Acknowledging that his decision would be controversial, the judge immediately stayed all action in the trial in order to allow gun manufacturers to appeal.

NRA spokesman Andrew Arulanandam said he was confident the bulk of the opinion would be overturned.

"We believe it is now the law of the land that law-abiding manufacturers and retailers will not be held responsible for the independent actions of criminals," Arulanandam said. He added that the NRA had expected to encounter "judicial activism" in the law's early days.

New York is one of several cities suing major U.S. suppliers of handguns, arguing that gun manufacturers violated public nuisance law by fostering a situation that allowed widespread access to illegal firearms.

The suit seeks no money damages, but wants gun makers to more closely police dealers who frequently sell guns later used to commit crimes.

A trial was scheduled to begin on Nov. 28, but looked like it might be derailed by enactment of the federal law, which required that most pending suits seeking to hold gun makers and sellers accountable for crime "shall be immediately dismissed."

The act allowed lawsuits to stay alive only if a gun maker or seller knowingly violated a law applicable to the sale or marketing of firearms.

Lawrence Greenwald, an attorney for Beretta USA Corp., said Congress meant that exception to apply only to laws specifically regulating guns.

Weinstein interpreted it more broadly.

"If Congress had wanted to limit the predicate exception ... it could easily have done so. It did not," he wrote.

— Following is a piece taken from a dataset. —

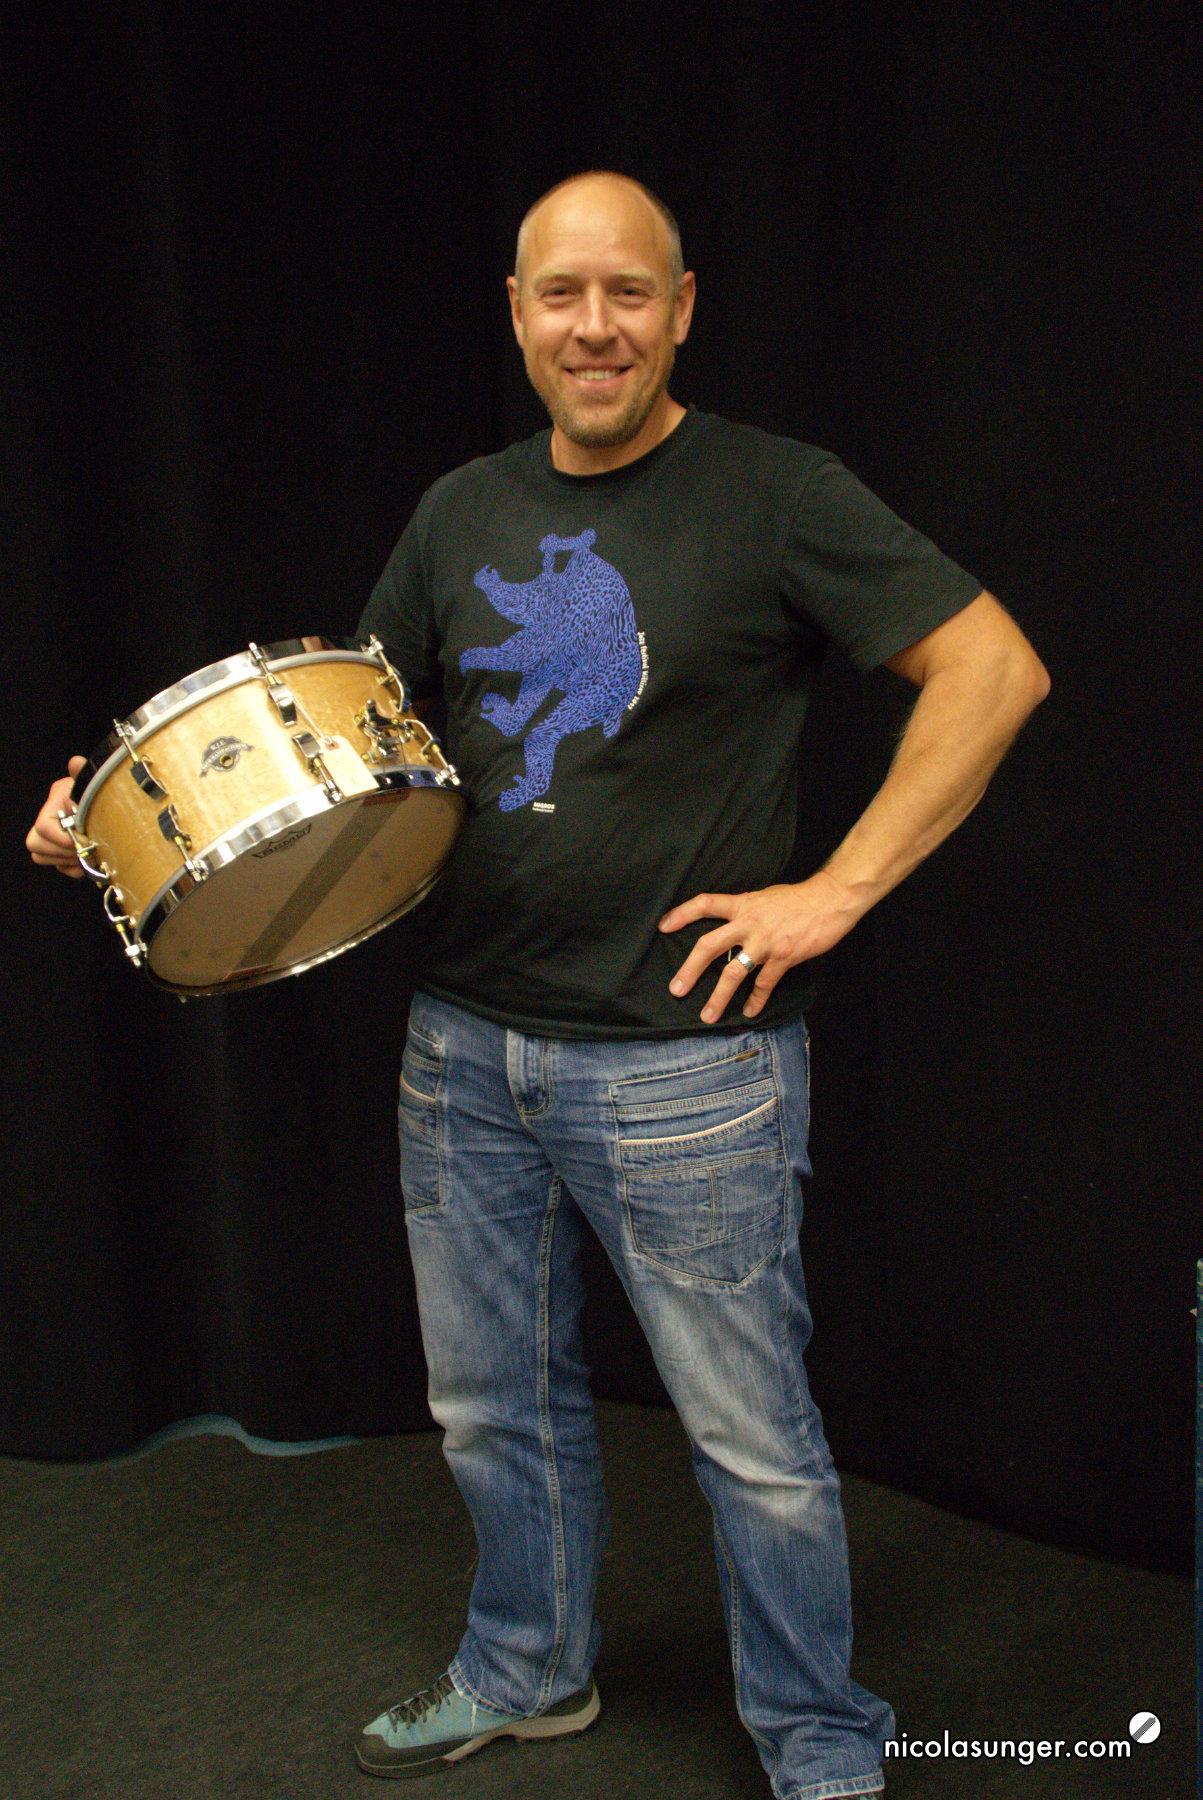 Stefan Wicki von W.J.E. Drum-Manufacturing

Mayor Michael Bloomberg praised the ruling in a written statement and said the shooting of a New York police officer during a traffic stop on Monday is "deadly evidence that the scourge of guns in the city is ever-present."

"Our lawsuit is designed and intended to stop this scourge," Bloomberg said. "With the gun industry completely unwilling to take reasonable steps to control their own dealers, the city has no recourse but to go to the courts."








Copyright 2005 The Associated Press. All rights reserved. This material may not be published, broadcast, rewritten or redistributed.


----------



## dcs2244 (Jan 29, 2004)

"...wants gun makers to more closely *police* dealers..."

Isn't that the job of law enforcement? Mayor Bloomberg: start enforcing the laws...the BATF is there to help you, pinhead.

Next on the agenda: a lawsuit to "...make automobile manufacturers more closely police dealers who sell cars that are involved in OUI fatal collisions..."! Just insert the product you are queer about into that phrase and you will see where this stuff is heading...


----------



## mpd61 (Aug 7, 2002)

I do follow the logic;

Theres no *$$$* involved, so this judge doesn't see how it could bankrupt/ruin a firearms manufacturer. Also he stayed any action in the trial, so the gun industry can mount a proper defense.

I think we would be better focused on the S.F. controversy, this NYC suit should fall off the radar soon.
:sh:


----------



## Eamonn Wright (Nov 1, 2005)

The anti-gun lobby purposely brought this case to Judge Weinstein due to his notorious anti-gun beliefs. This case should get slapped down on appeal.


----------